そんな私達がちゃんとしたコーディネートをしないなんて……ダメざますわ!」


ドライトに怒られて涙目だったステラとルチルだったが、ドライトが一瞬でロッテンドライヤーになると「「ドライヤーねえちゃだ!」」と言って抱きつく。


「あら、縮めちゃダメざますわよ?

縮めるとただの家電製品になってしまうざますからね?

何にしろ向こうでコーディネートのお勉強ざます!」


そう言ってステラとルチルを抱っこして立ち去ろうとしたドライトだったが、セレナに捕まった。

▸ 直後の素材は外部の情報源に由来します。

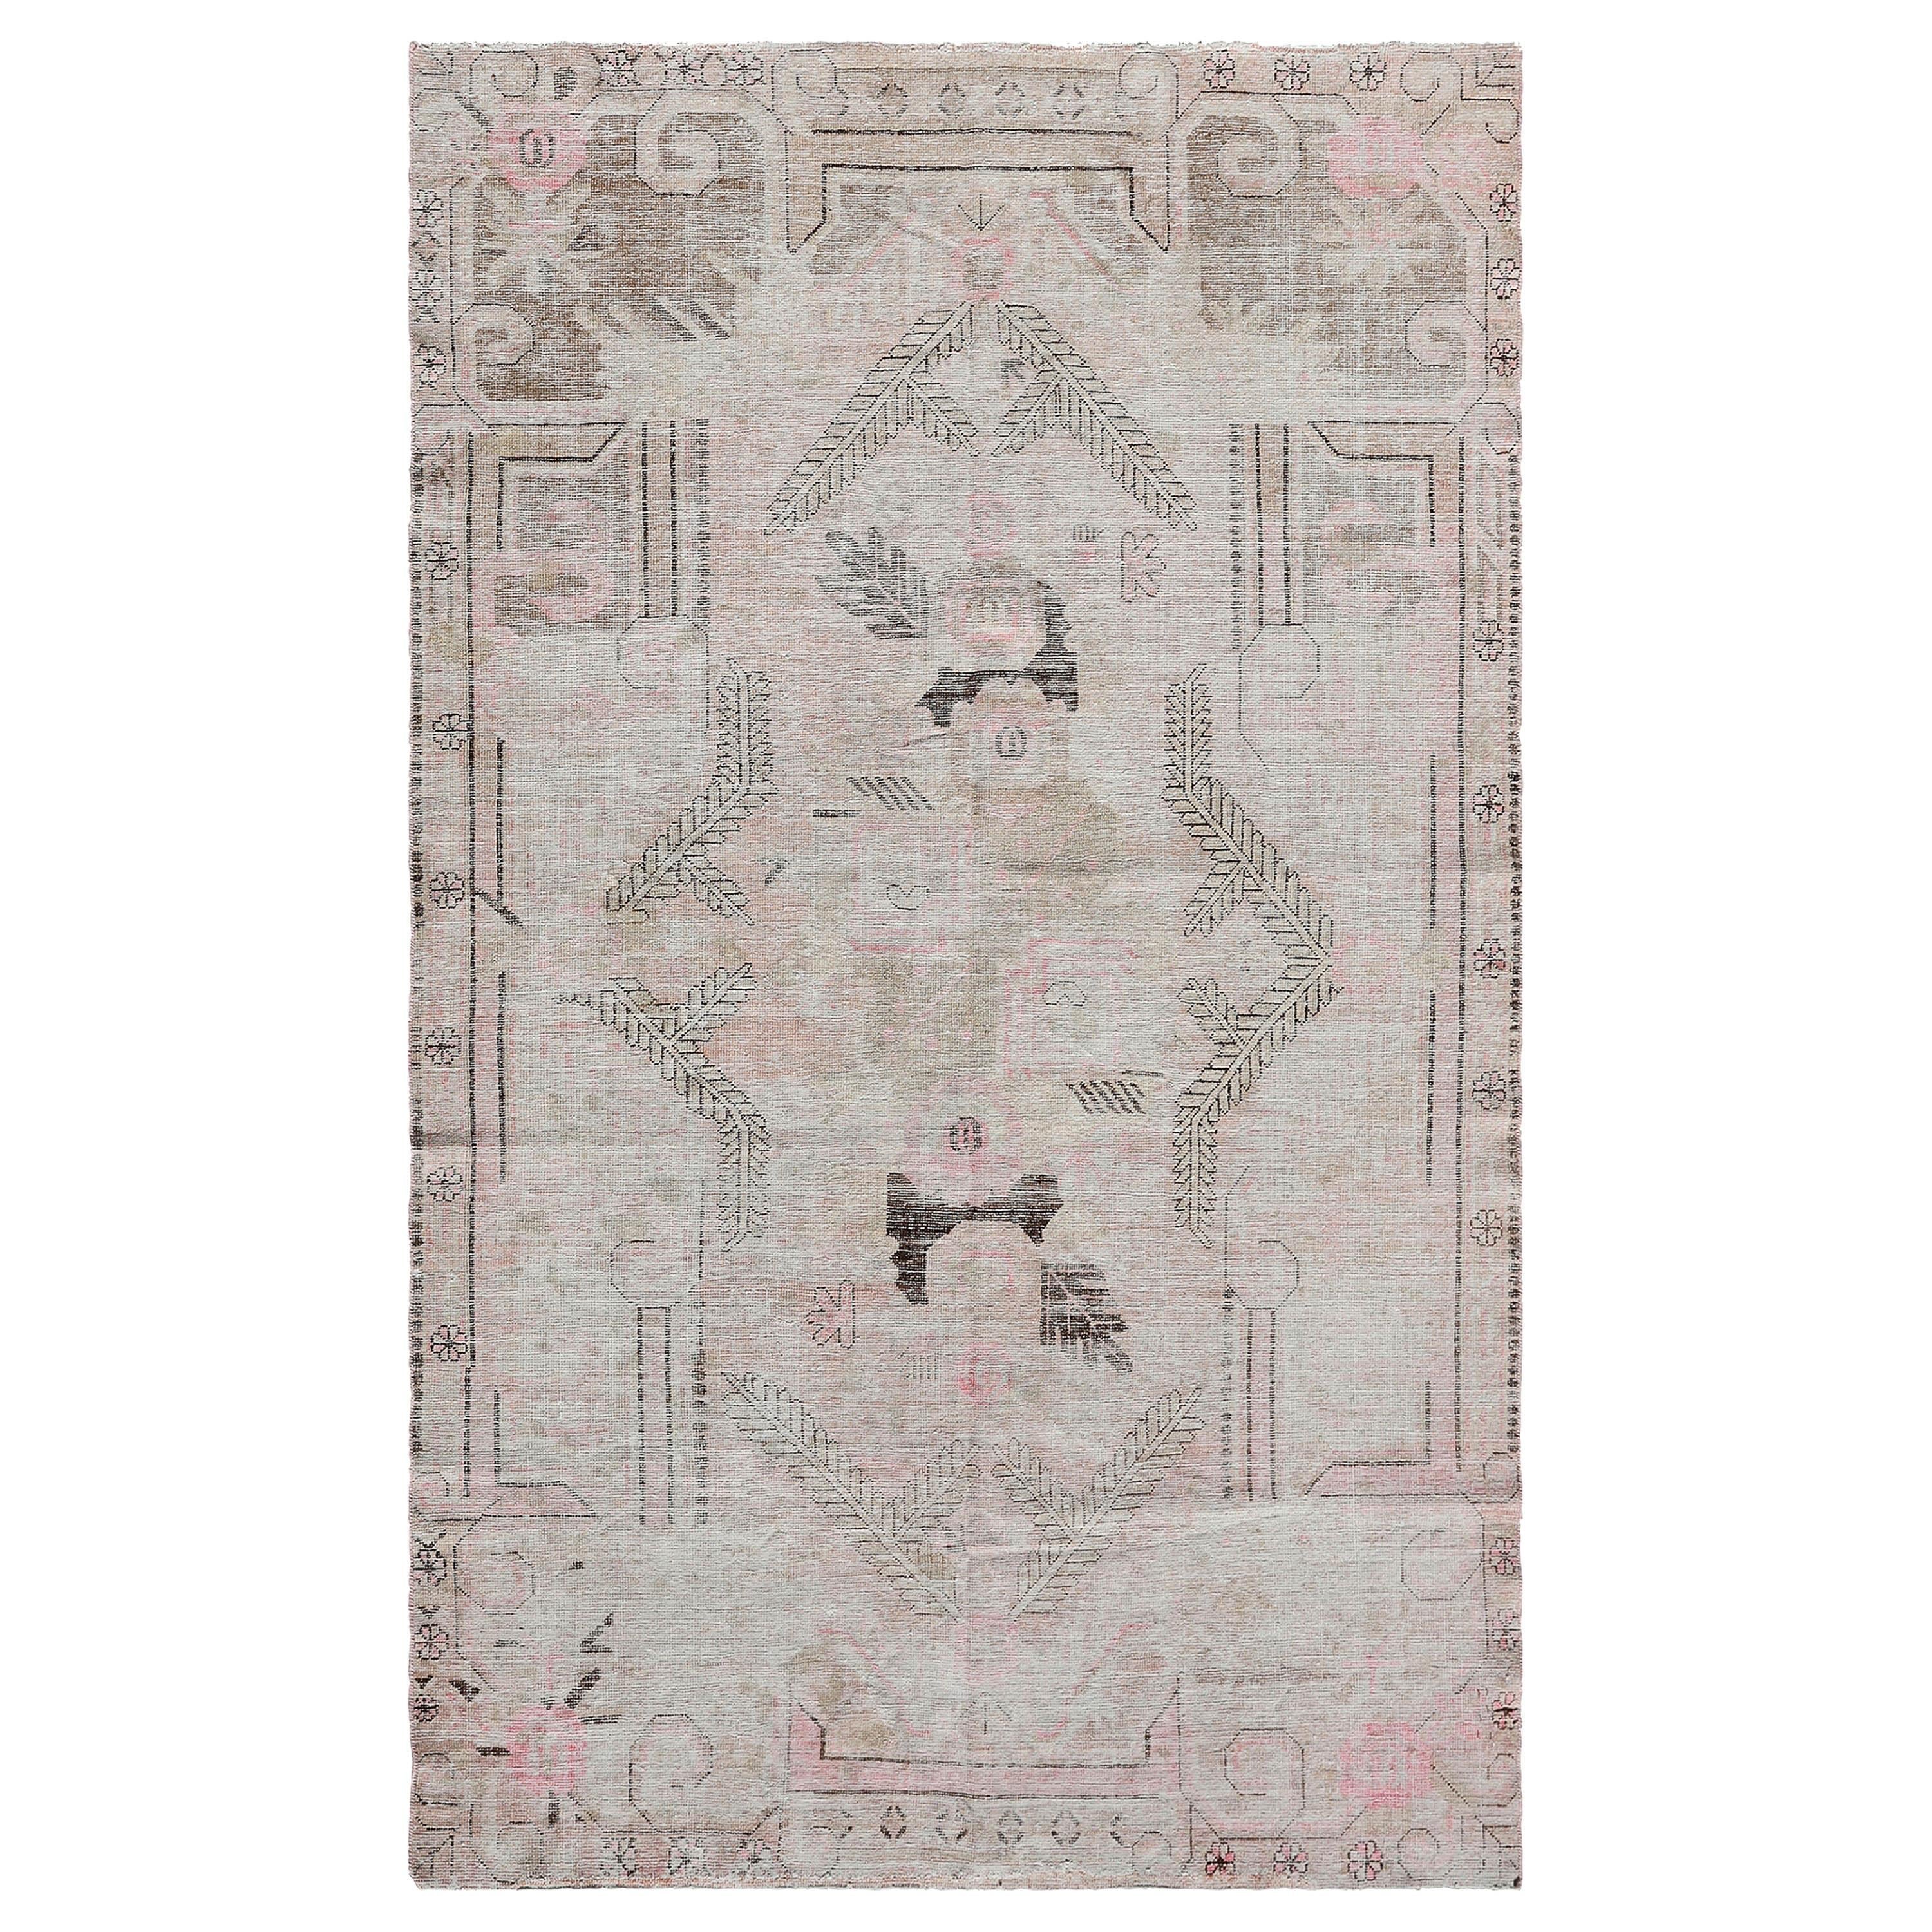 abc carpet Beige and Pink Vintage Wool Cotton Blend Rug - 5'5" x 9'1" For Sale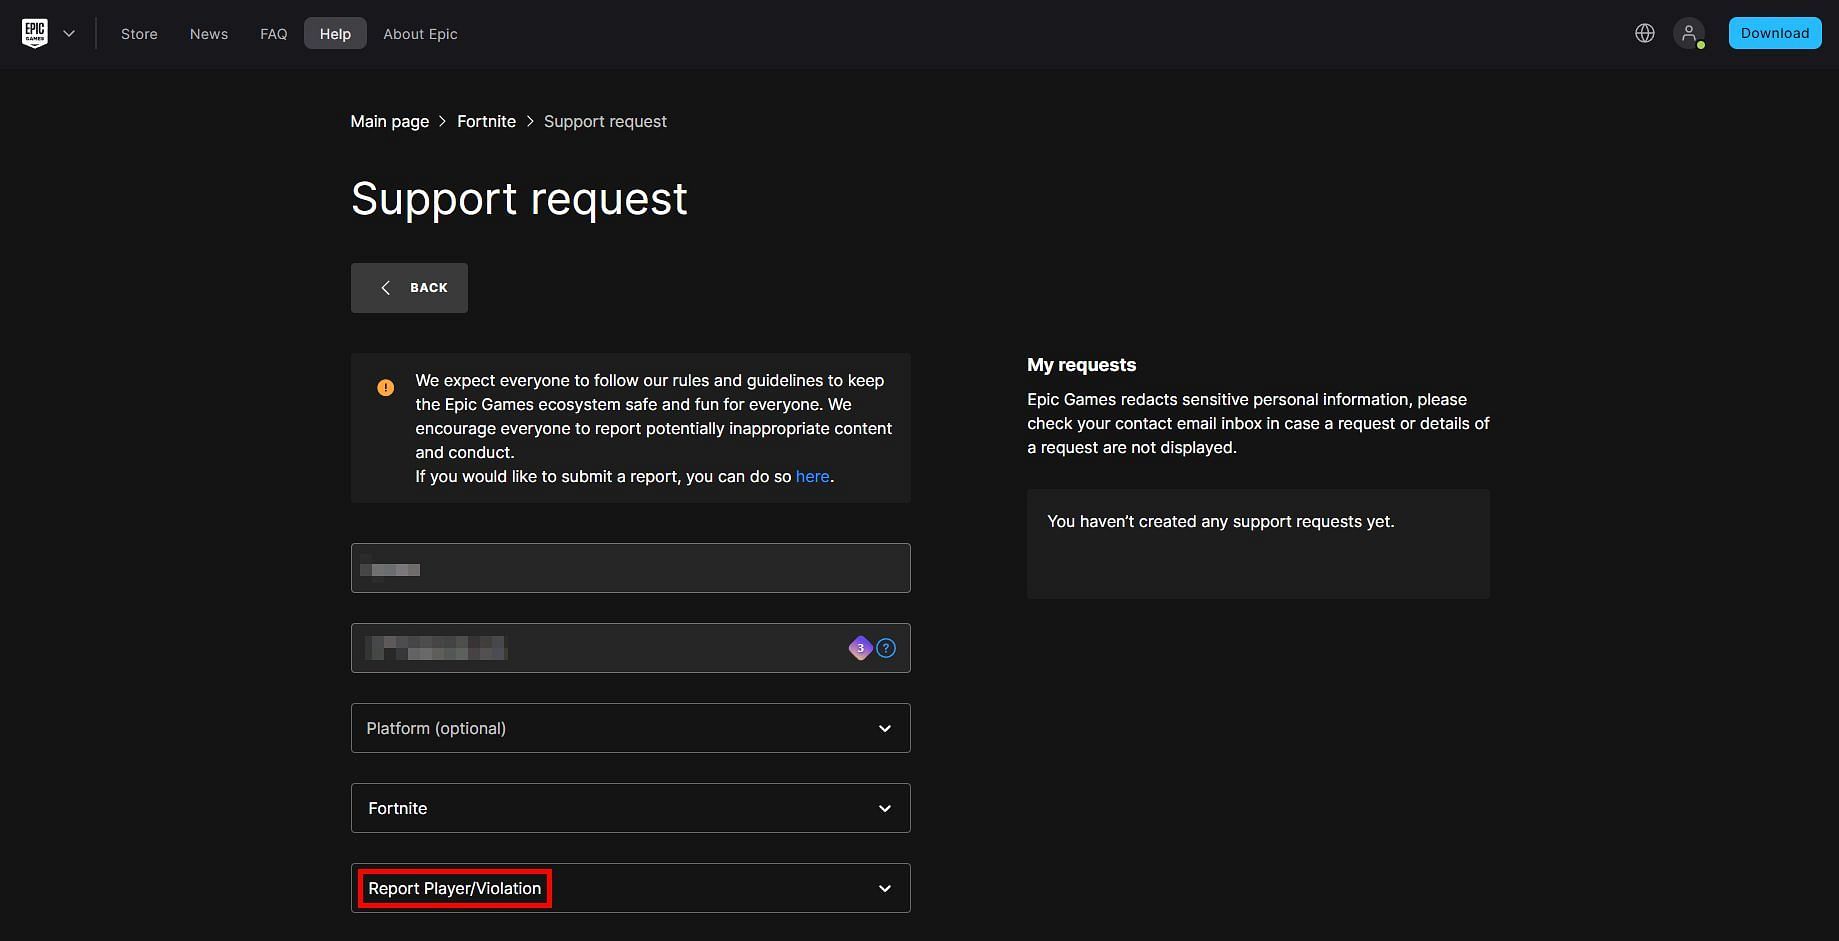 Epic Games contact form (Image via Epic Games)

「ドライト、あなたはもう宝物は無いって言ってませんでしたか?」


「セレナ母様?

もう私の宝物は家族だけざますわ?」


「じゃあ、この宝物は?」


「それは普段使いの装飾品ざますわ!」


ドライトはそう言って逃れようとしたが、次のセレナの言葉で「へ?」っと言いながら呆然とする。


「まぁ良いわ、家族の物ならシリカちゃん達の物でもあるのだからね?

なんで?

あらやだ忘れたの?……シリカちゃん達は、あなたのお嫁さん、つまり家族なのだから使っても問題ないでしょ?」


「し、しまったざますわ~!」




「っと言うような事があったので私のテンションは低いです。

ですから今日の授業は映像を見るだけです。

さて、どれにしますかね……皆さん希望がありますか?」


ドライトはスマドをセットして何か見たい物がないか希望を聞いていく、するとレイナとリティアが同時に立ち上がり叫ぶ!


「気功法の映像で!」


「魔法関連の映像で!」


そして同時ににらみ合いが始まる。


「ちょっとリティアさん、ドライト様の第1夫人のシリカ様の祝福を持つ私に敬意をはらいなさいよ!」


「何を言ってますやら……第2夫人のサルファ様は実力が大事だと言ってましたわ!」


そしてお互いに得意の得物を取り出すと一触即発の雰囲気になる、すると間に入るようにキャロリンが言い出す。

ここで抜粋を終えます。